(Collection entries)
________

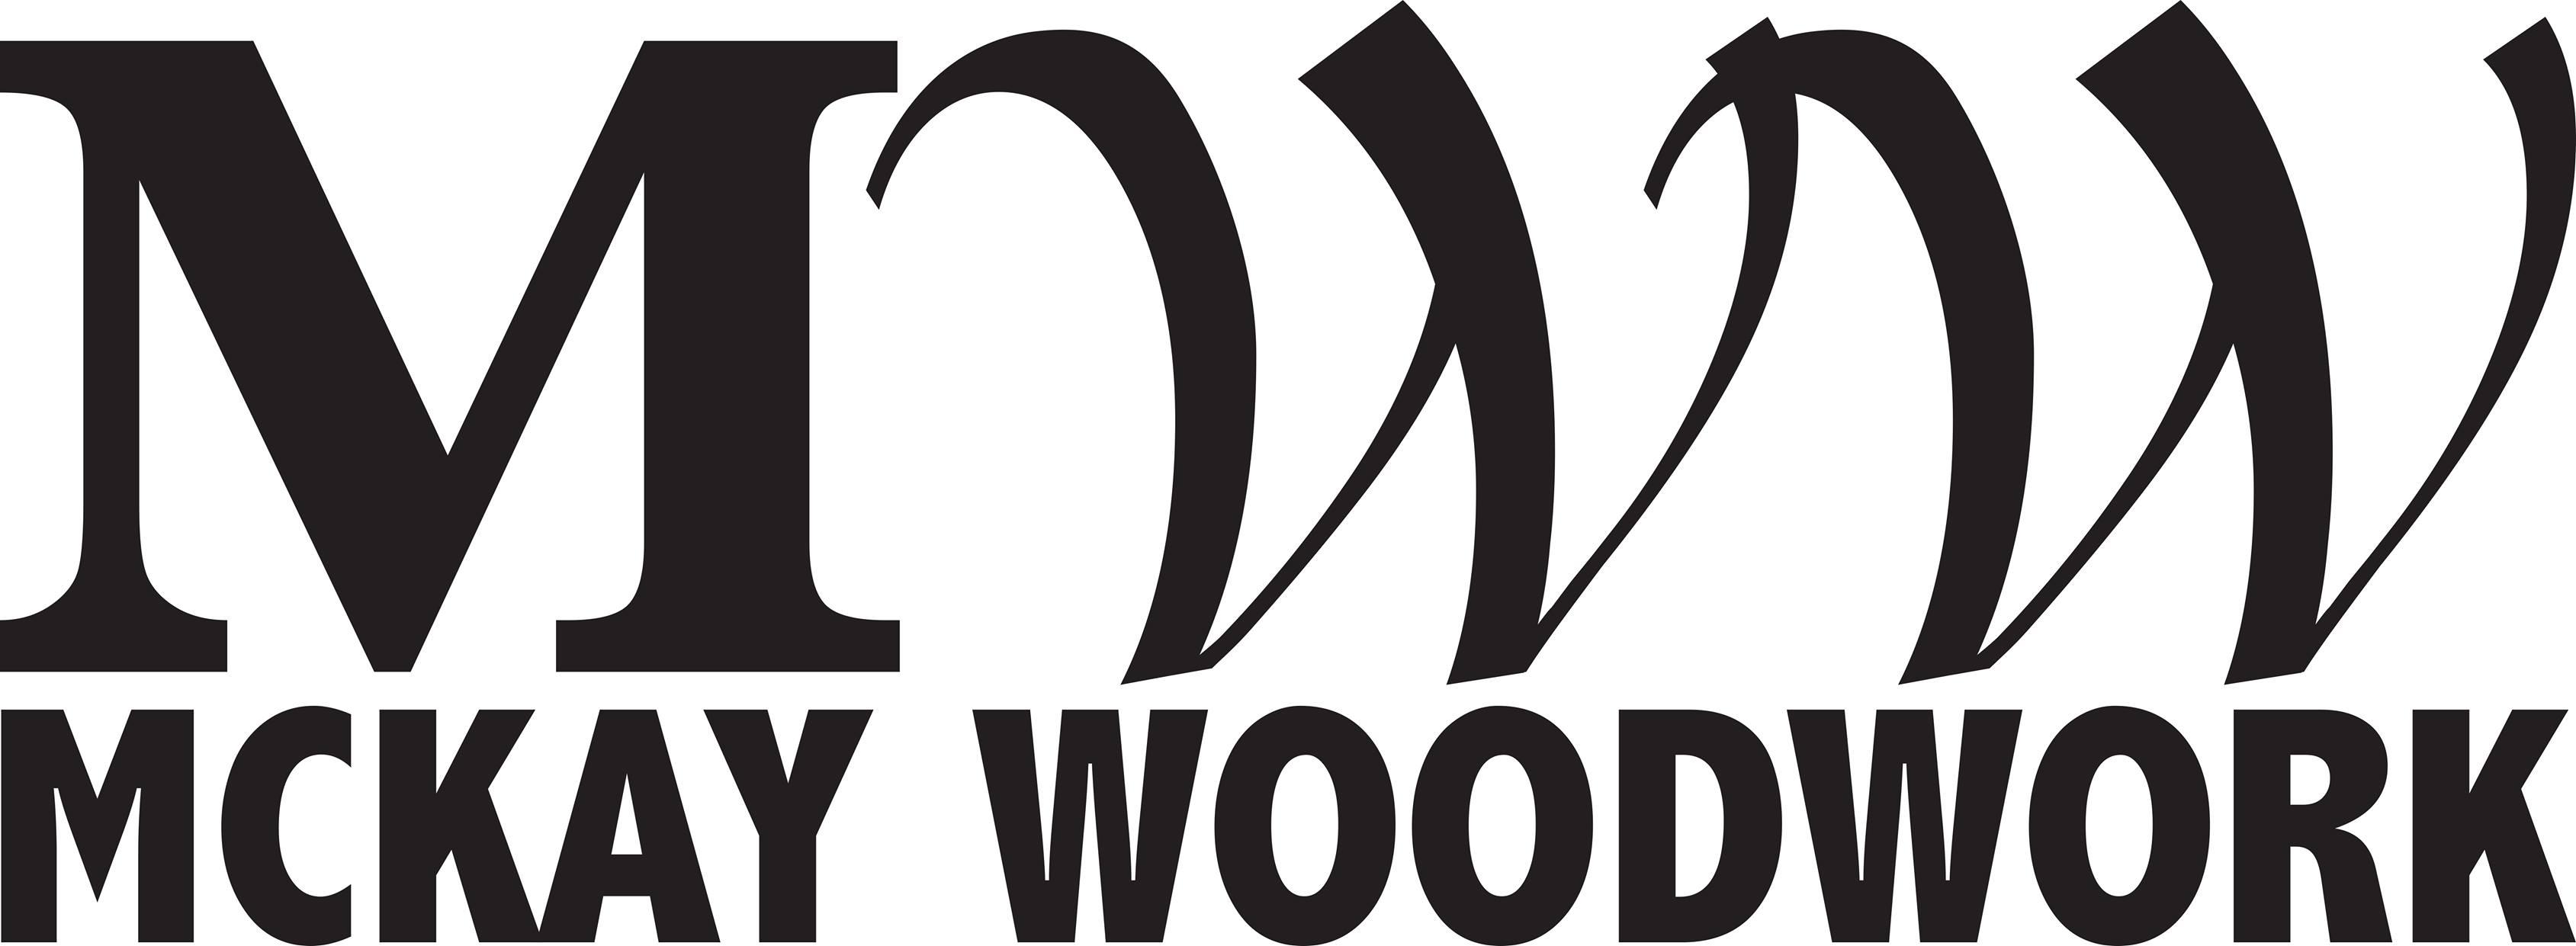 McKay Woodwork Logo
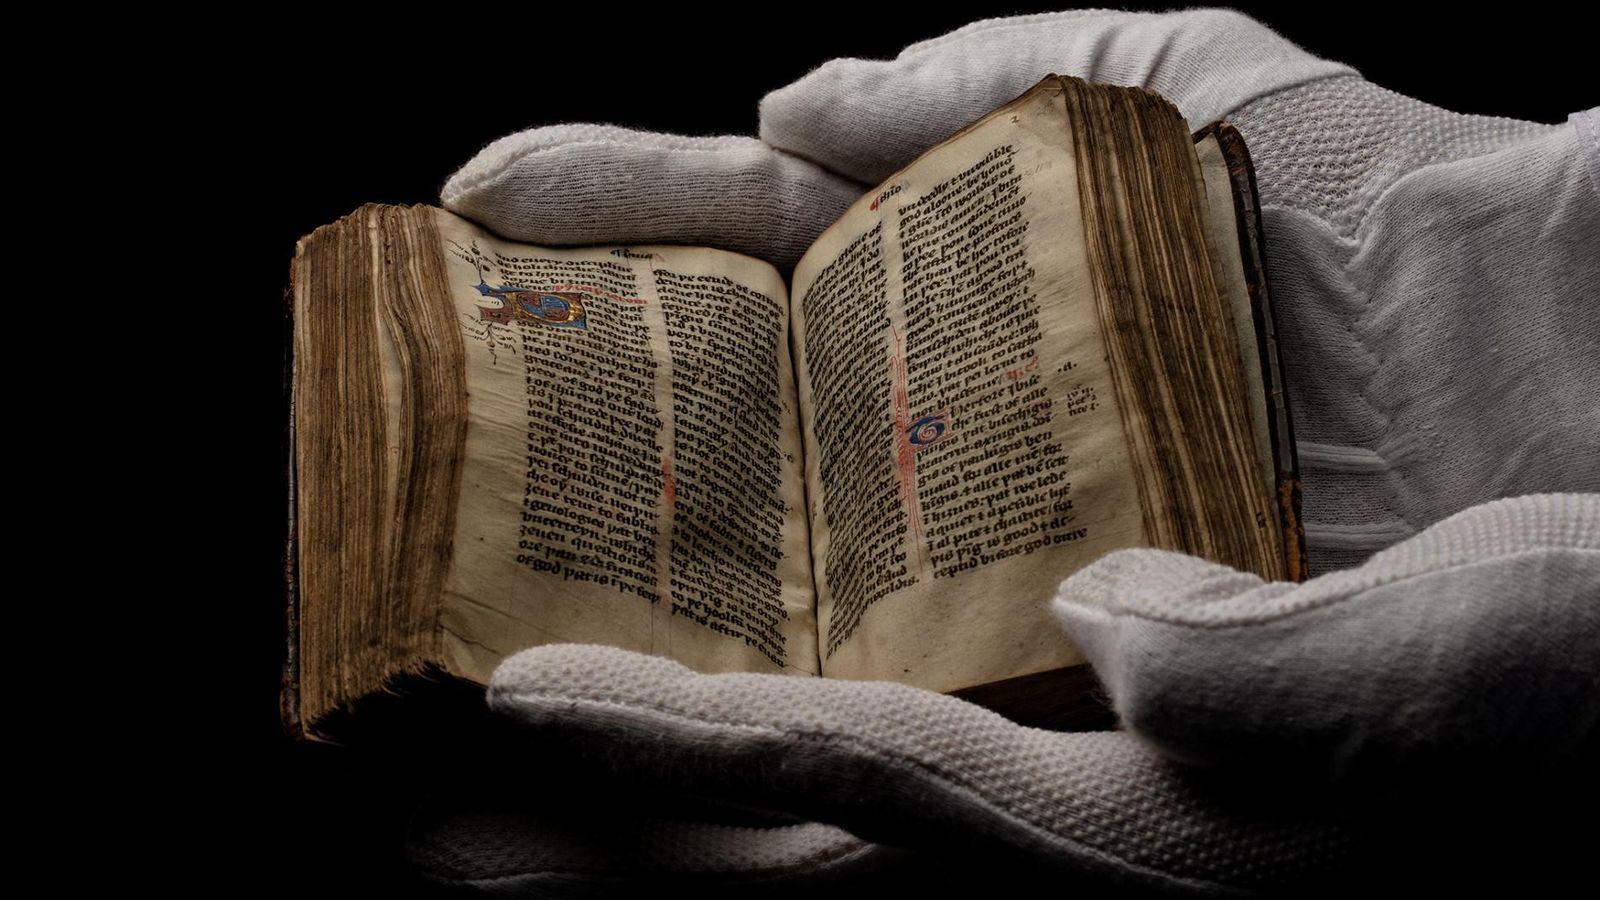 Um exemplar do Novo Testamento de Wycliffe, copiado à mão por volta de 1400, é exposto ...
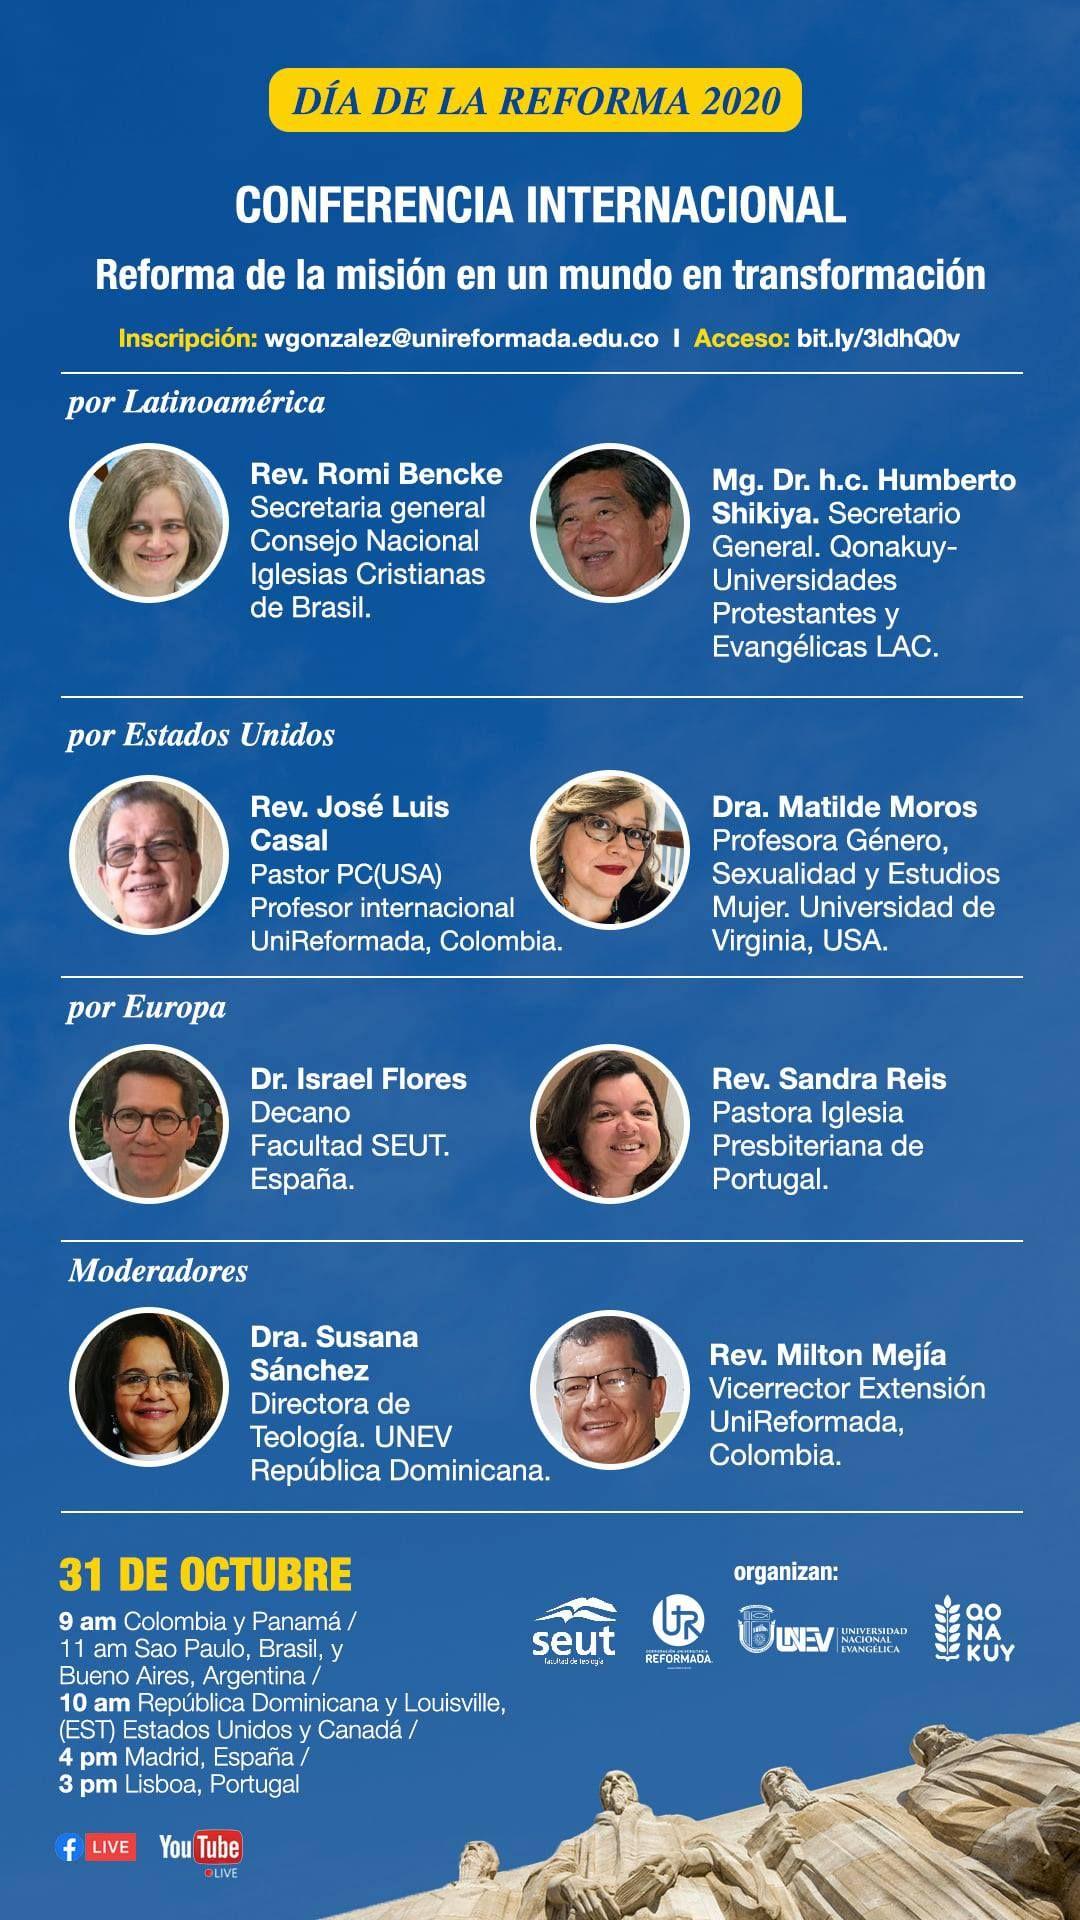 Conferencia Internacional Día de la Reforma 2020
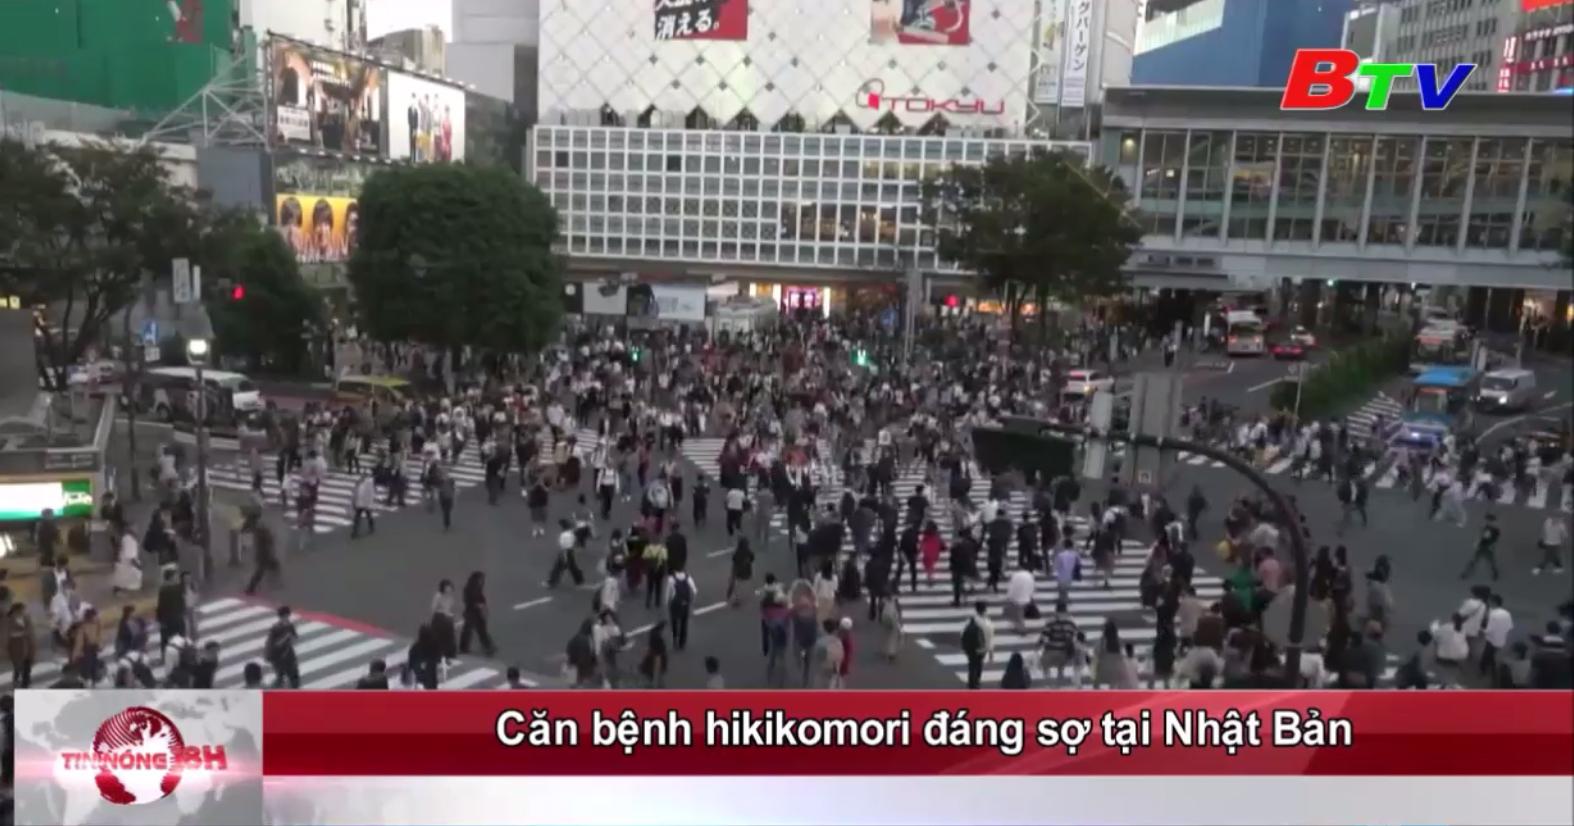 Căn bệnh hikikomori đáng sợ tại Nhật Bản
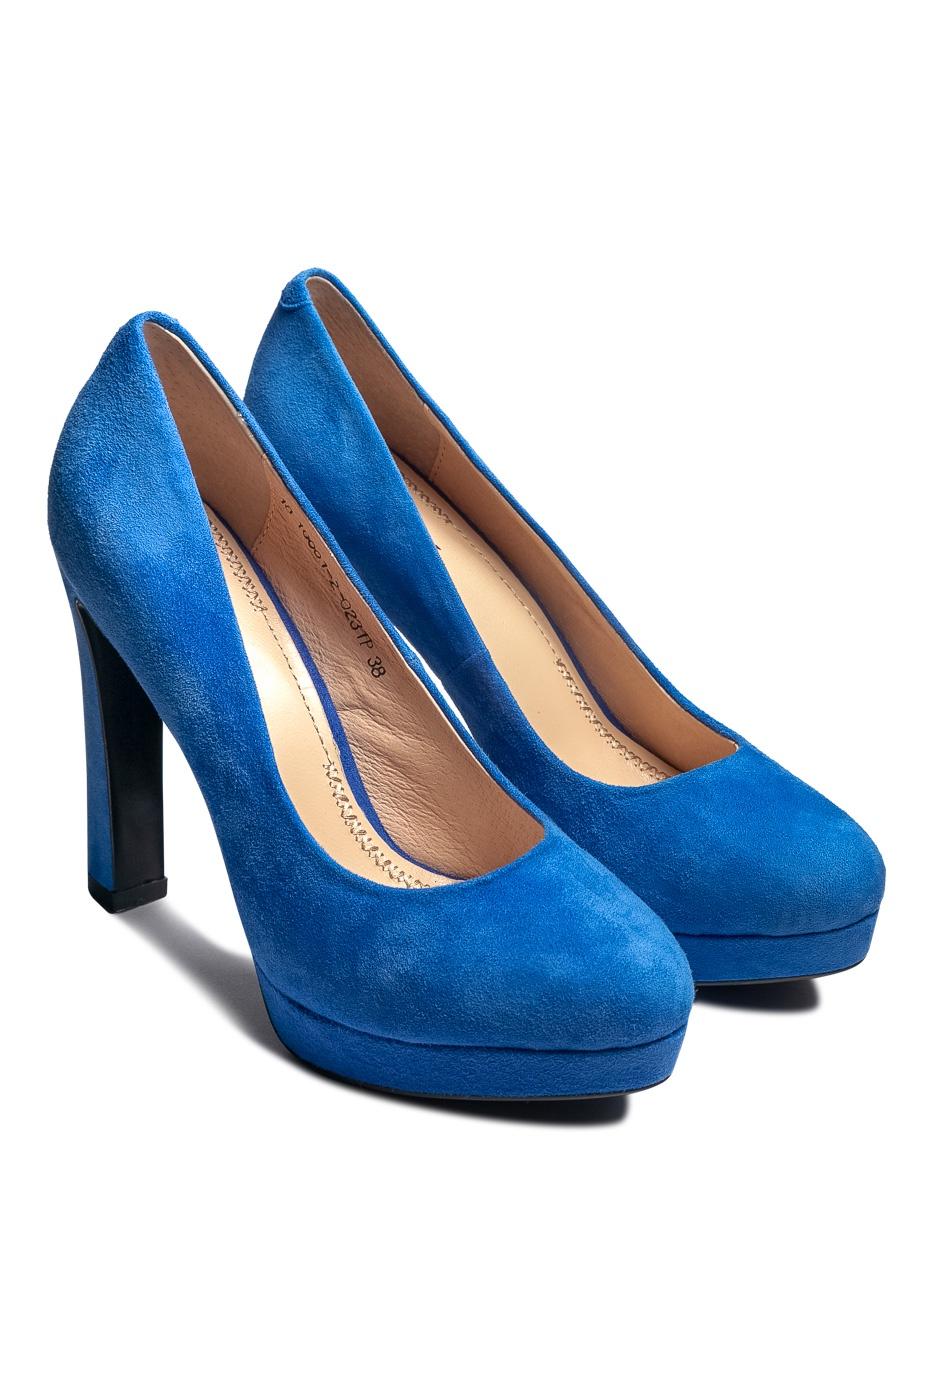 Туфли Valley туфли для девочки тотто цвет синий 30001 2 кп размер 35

________

What is required:
Write out the records once more, exactly as they stand, with no images.

Solution to this exercise:
 McKay Woodwork Logo
 Um exemplar do Novo Testamento de Wycliffe, copiado à mão por volta de 1400, é exposto ...
 Conferencia Internacional Día de la Reforma 2020
 Căn bệnh hikikomori đáng sợ tại Nhật Bản
 Туфли Valley туфли для девочки тотто цвет синий 30001 2 кп размер 35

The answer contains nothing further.